6.1 ) Following we will start our abstractions over the requested works of UFRN's departments.

For example, as we can see on the next cell, the department that made more requests is SuperIntendencia de Infraestrutura. 

In [None]:
# Saving the 5 most requests values.
five_most_1 = work_requests['nome_unidade_requisitante'].value_counts()[0]
five_most_2 = work_requests['nome_unidade_requisitante'].value_counts()[1]
five_most_3 = work_requests['nome_unidade_requisitante'].value_counts()[2]
five_most_4 = work_requests['nome_unidade_requisitante'].value_counts()[3]
five_most_5 = work_requests['nome_unidade_requisitante'].value_counts()[4]

# SuperIntendencia de Infraestrutura has more than double requests than the second most requester(Residencias Universitárias).
pd.DataFrame(work_requests['nome_unidade_requisitante'].value_counts()[:10])


6.2 ) Difference between amount of requests  

To better visualize the difference between amount of requests, we shall plot a graphic on bars for compare. This bar plot shows the 5 departments that requested the most for works. It makes obvious that 'SuperIntendência de Infraestrutura' made lots of requests, specially if compared with the others from the top 5.

In [None]:
# Create a subplot that returns both figure and axis.
fig, ax = plt.subplots(figsize=(15, 6))

# Imported function from numpy to set axis positions.
from numpy import arange
bar_positions = arange(5) + 1

# Define x_ticks, which represents each bar and it's titles.
tick_positions = range(1,6)
ax.set_title("Ten Most Requests for Department")
ax.set_yticks(tick_positions)
#ax.set_xticks("# Requests")
ax.set_xlabel("Requests")
#ax.set_ylabel(tick_positions)

x_names = ['SuperIntendência de Infraestrututra', 'Residencias Universitárias', 'UFRN', 'PROAD', 'Centro de Biociências']
ax.set_yticklabels(x_names)

# Give to bars the respectively amount of requests from each department.
num_cols = [five_most_1, five_most_2, five_most_3, five_most_4, five_most_5]
bar_heights = num_cols
ax.barh( bar_positions, bar_heights, 0.7, color = 'red', alpha = 0.7)
plt.show()

## Working with *Values*

In this part we will show in numbers and compare the values of the works with the nature of the requests.

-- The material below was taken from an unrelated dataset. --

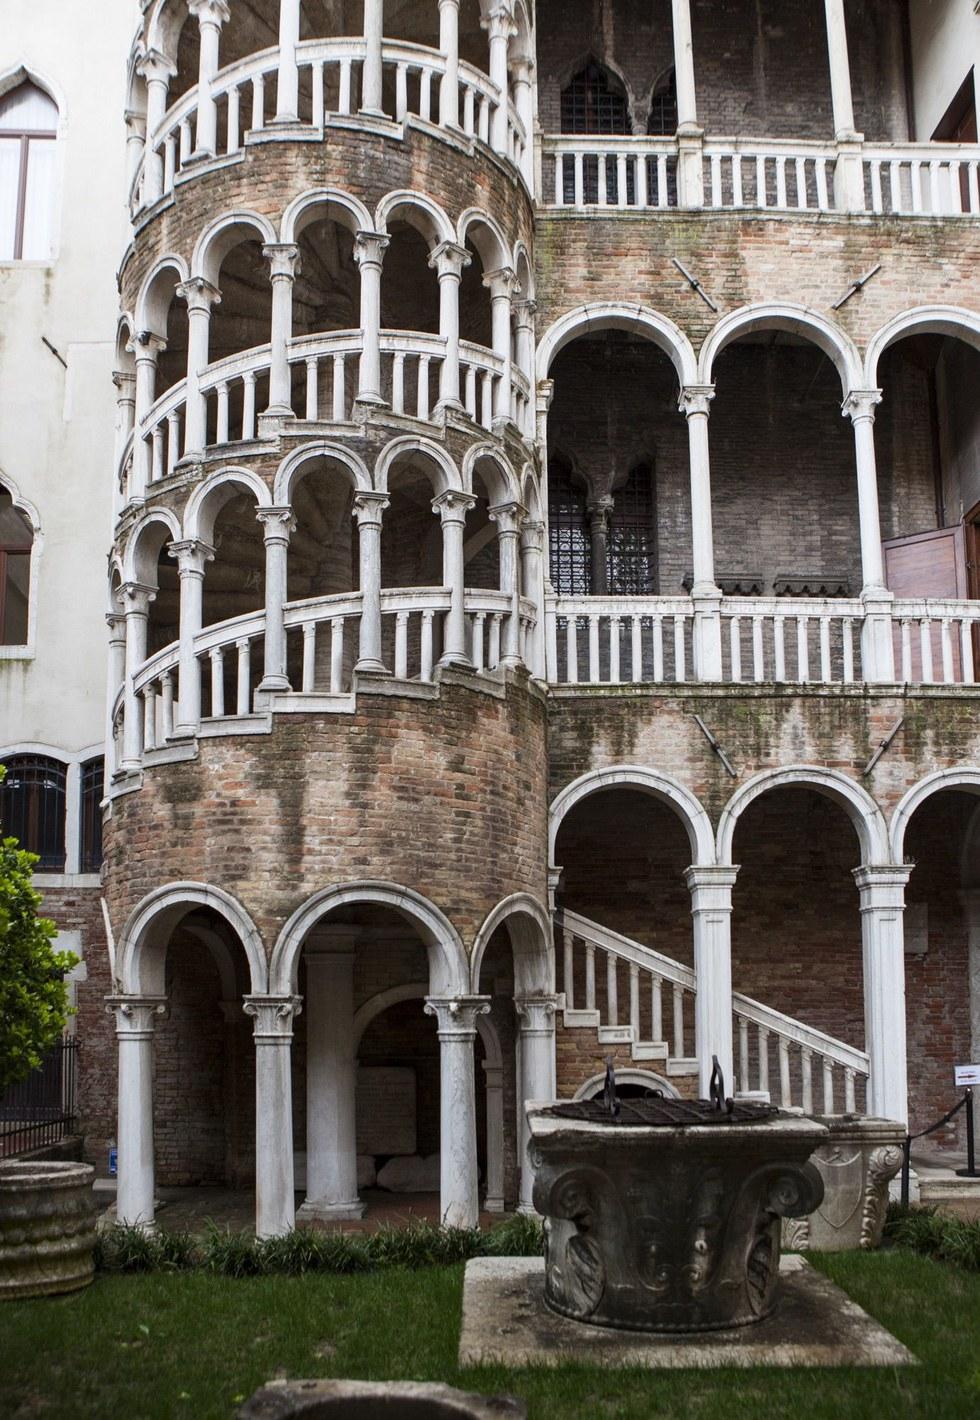 Palazzo Bovolo's external staircase

### 7 ) Most expensive Work
The most expensive work was on Campus do Cérebro, researching about it we found that the Campus is located in Macaiba. According to the work description, the money was invested in the construction of the Lygia Maria Rocha Leão Laporta school and in the construction of the Search center. Because it is a project of an environment of academic studies focused on the neurological medical area it is justified the cost of about 76 million reais, The work took 2 years to finish. 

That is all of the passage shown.